The UL Recommendations state that the maximum financial penalty for major violations of license terms and conditions should be reduced from Rs. 50 (fifty) Crores to Rs. 10 (ten) Crores, a figure in proportion to the entry free, paid-up capital and net worth criteria of a licensee in each service area. Currently, there are no stipulated guidelines on how the penalty should be imposed and the DoT usually imposes with maximum penalties, even for minor violations.
TRAI has recommended that the penalty be levied on the basis of whether a violation is minor or major and the recurrence of the violation. While the penalty prescribed is exclusive of the liquidated damages prescribed in the license agreement, the UL Recommendations recommend that the DoT must be given the right to cancel the license if a major violation is committed after the fourth time.
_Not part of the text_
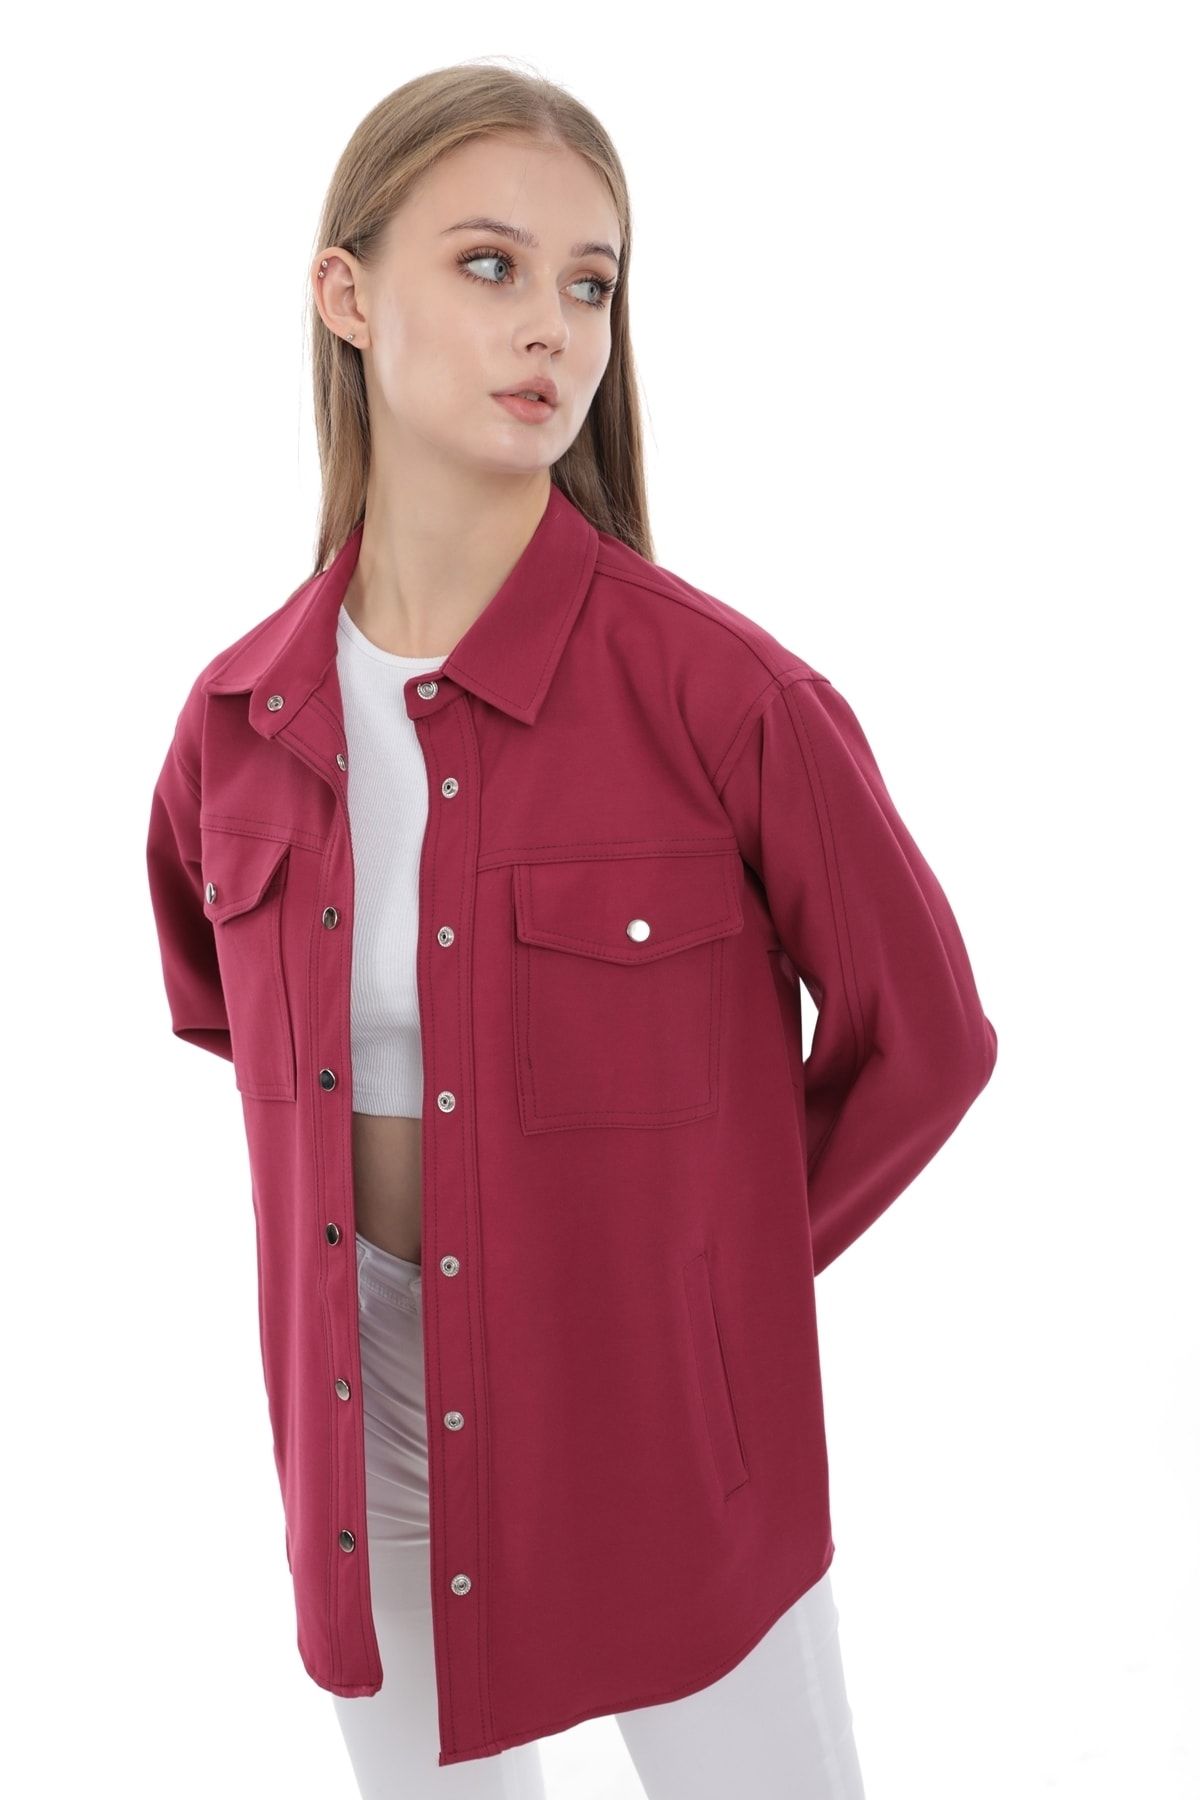 MD trend Kadın Fuşya Cepli Çıtçıt Kapamalı Oversize Gömlek Ceket

The UL Recommendations have also suggested changes to the definition of Adjusted Gross Revenue (AGR), in that intra-service area roaming revenues should not be excluded from Gross Revenue for calculating the AGR of the service provider. Further, for levying spectrum charges, it recommends that only the revenue from the wireless services must count towards AGR calculation.
The TRAI has also suggested inclusion of two new clauses to the draft UL(AS). First clause enables the TRAI to undertake regular spectrum audit for overlooking its efficient management. The licensee will be required to provide relevant data, reports, test, equipment and other accessories and permit inspection of its sites by TRAI personnel.
The second and the more important one suggests that the WOL must include a condition that operators whose entire spectrum holding in a particular band (900MHz/ 1800MHz and 800MHz) has been liberalized and must be permitted to share spectrum without any additional one-time spectrum charge, subject to the guidelines issued by the DoT from time to time. However, spectrum trading is not permitted at present.